The Goal
The Dark and Stormy Archives (DSA) project exists to provide storytelling solutions to improve the understanding of web archive collections. With search engines, collection users must first have a query in mind. What if the user does not know enough about the collection to form a query? Our goal is to provide a "summary of summaries" in the form of social media storytelling that describes a collection sufficiently for a user to decide if that collection merits further time.
Background
Researchers Create Their Own Web Archive Collections
Historians, social scientists, and journalists use web archives to understand human behavior. Creating collections is not limited to researchers. Organizations archive their own web presence and libraries focus on curating content specific to their communities. These collections gain further value when they are explored again by future users.
These Collections Have Semantic Value
The curators of these collections implied aboutness by centering these collections on a specific topic. Thanks to this work, users of these collections interested in that topic do not need to search the web, or even full web archives, to find a set of pages on that topic.
Web Archive Collections Have Many Versions of the Same Page
Web archive collections are different from other document collections because they have different versions of the same page over time. These versions have value because they allow users to see how events unfolded in a news story, or how organizations change over time. This temporal component means that web archive collections require different summarization and visualization techniques than other document collections.
Tools Exist, Allowing for Easy Collection Creation
Tools like Archive-It and Webrecorder exist to allow users to create collections of archived web pages easily.
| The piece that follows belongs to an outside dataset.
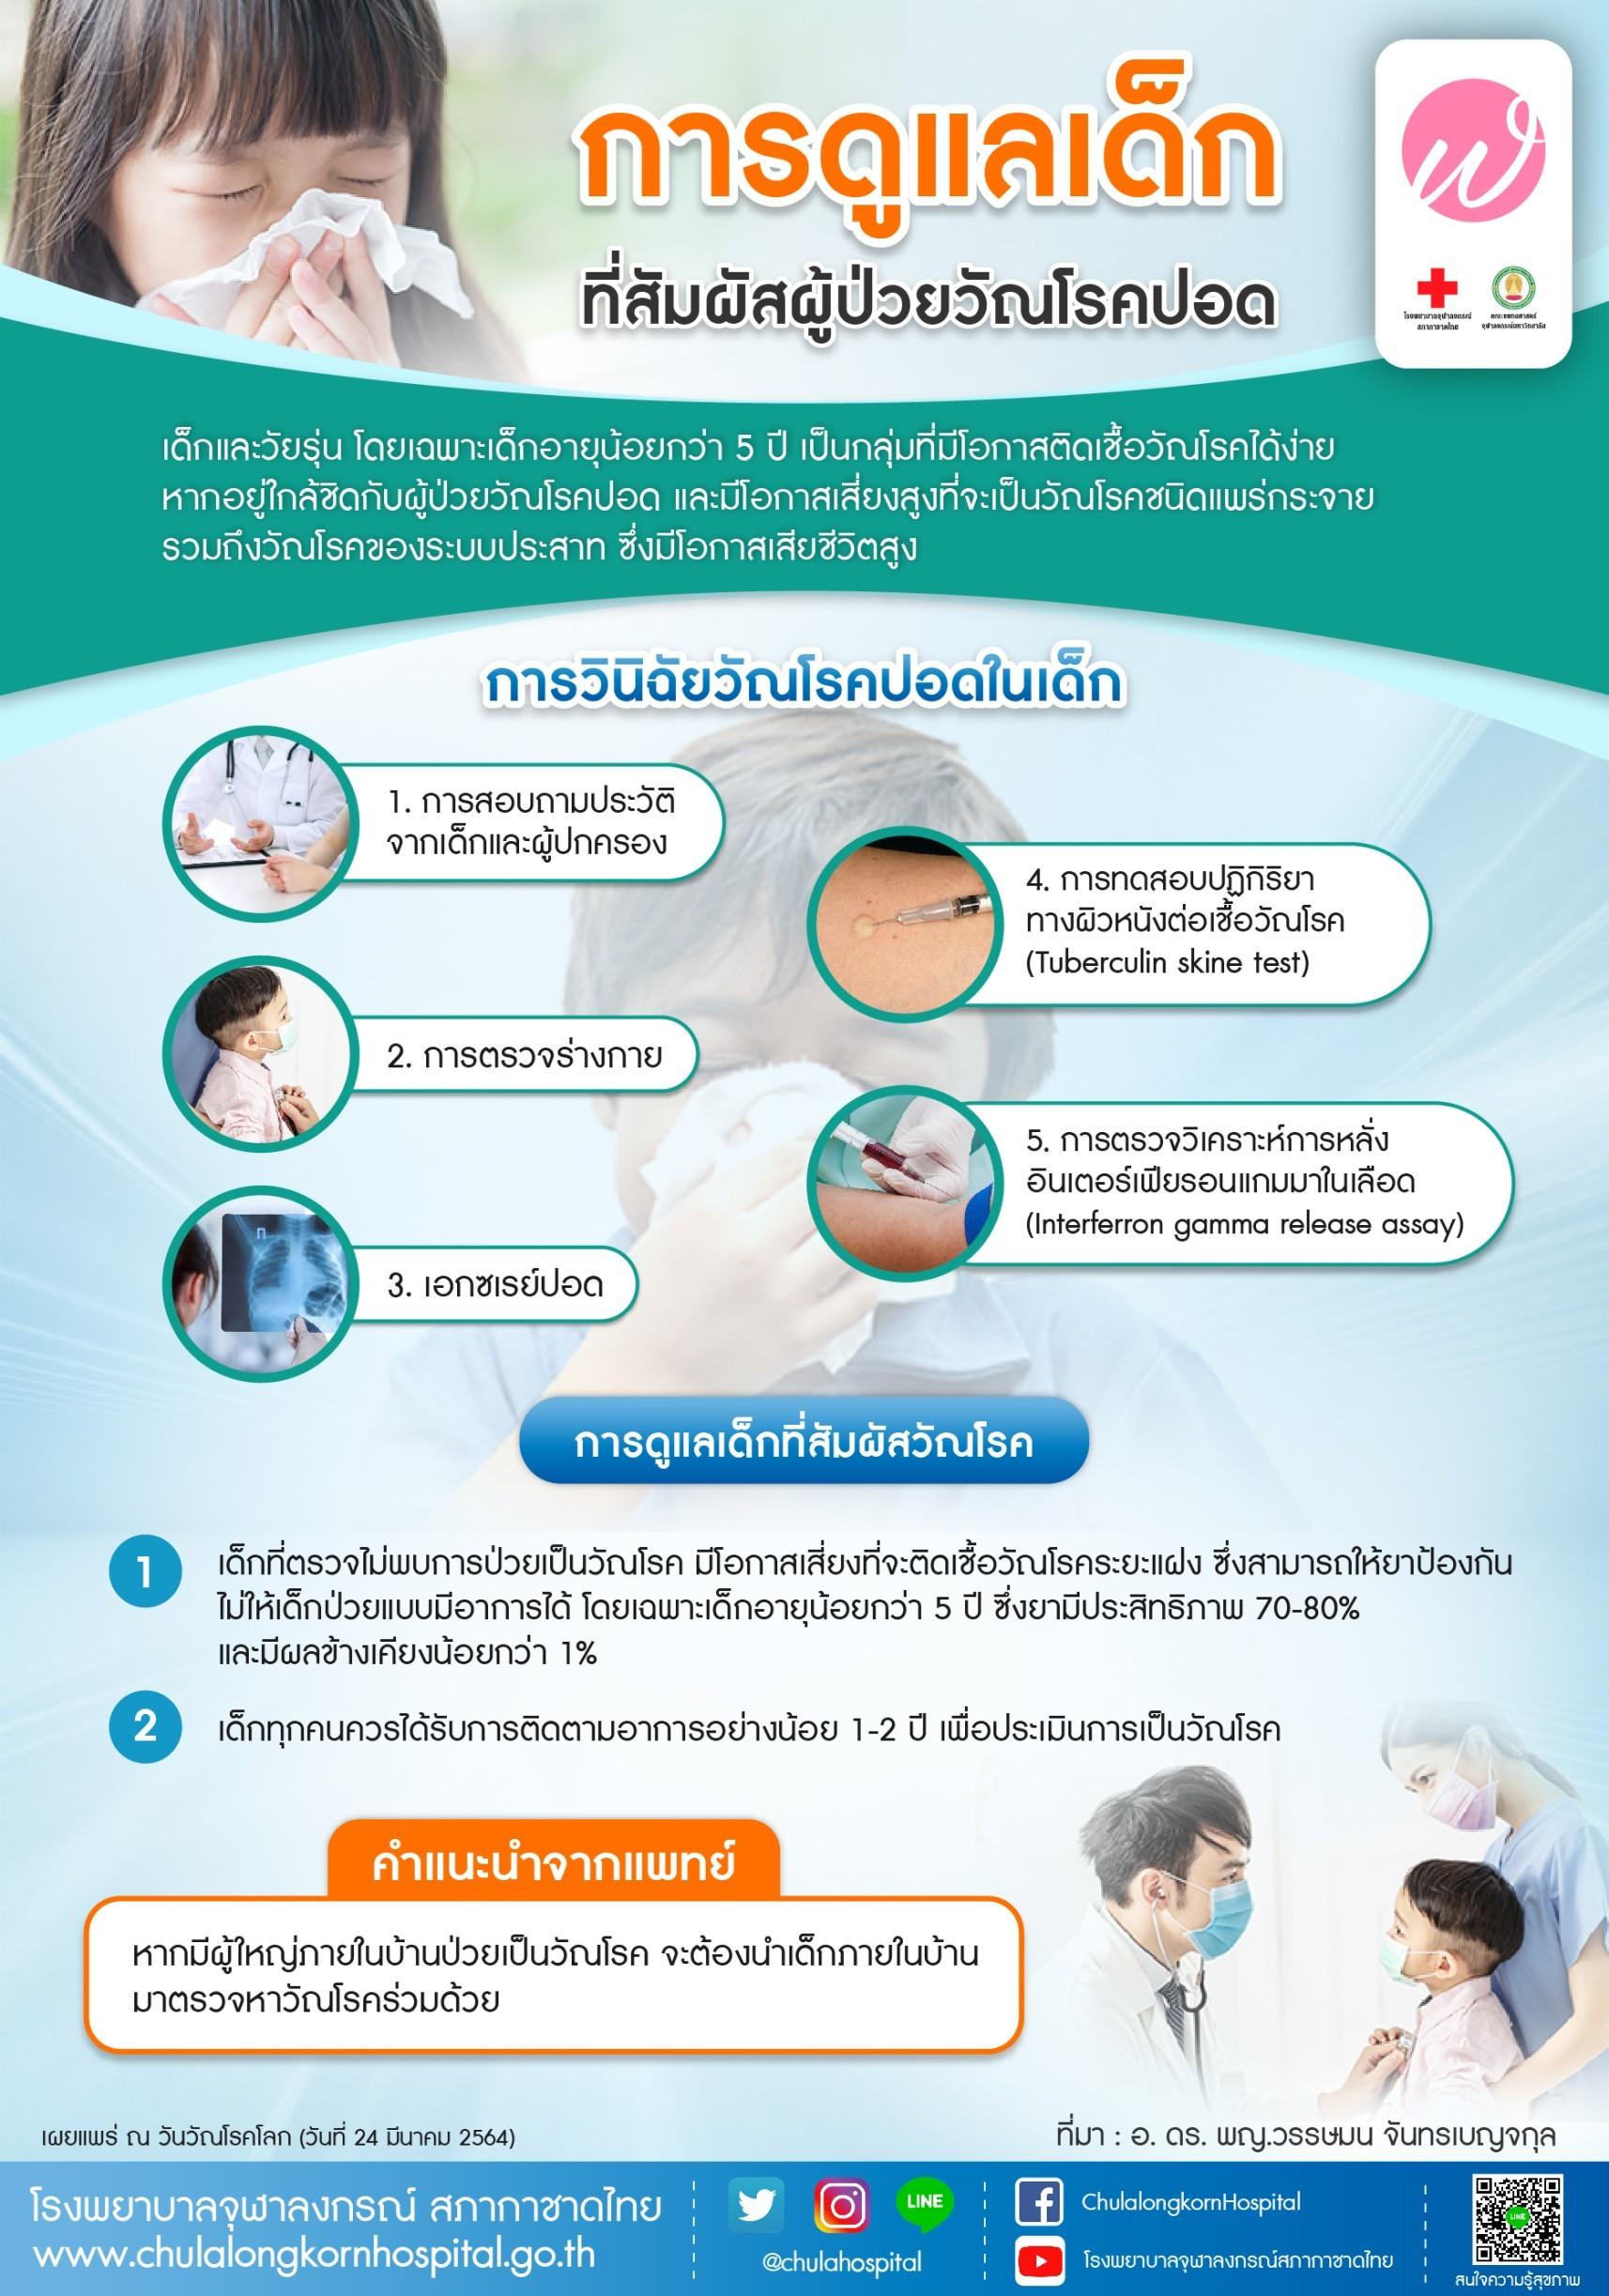 การดูแลเด็กที่สัมผัสผู้ป่วยวัณโรคปอด

These tools have allowed organizations to easily preserve their history and historians to document events as they unfold.
The Problem
Web Archive Collections Can Be Large
Curators choose web pages as seeds for the web archive collection. Web archives save each version of a web page as a memento. Some collections contain thousands of seeds and every capture of a seed results in one or more mementos. If a potential user wants to review a collection to understand it, they may need to review thousands of mementos.
There Are Multiple Collections About the Same Topic
Because collections are easy to create, there are many collections about the same topic. For example, searches on Archive-It the topic "human rights" results in 31 collections for a user to review.
More Collections Are Added Each Year
There were more than 4,000 public Archive-It collections by the end of 2016, and this number has grown to 5,857 by March 2019.
Metadata Exists, But...
With other document collections, metadata is an invaluable tool for understanding the collection and its contents. For example, Encoded Archival Description (EAD) exists for collections, and MAchine-Readable Cataloguing (MARC) exists for books. These standards exist so that users can compare items to each other. Even though Archive-It provides fields from Dublin Core, supplying metadata on individual seeds or a whole collection is optional. When present, the metadata is generated by different curators from different organizations with different content standards and different rules of interpretation. Thus, even when present, users cannot reliably compare metadata on web archive collections in order to understand them.
The Problem, Summarized
- There are multiple collections about the same topic.
- The metadata for each collection is non-existent or inconsistently applied.
- Many collections have thousands of seeds with multiple mementos.
- There are thousands of collections.
The Proposal
A Representative Sample Visualized With Social Media Storytelling
We can sample the colleciton to find the mementos that best represent it so that users can understand it. From there, we can visualize the mementos with social media storytelling. Social media storytelling visualizes web pages as surrogates, like cards and browser thumbnails.
A user viewing these stories should now understand the collection well enough to determine if it meets their needs, thus saving them time and effort.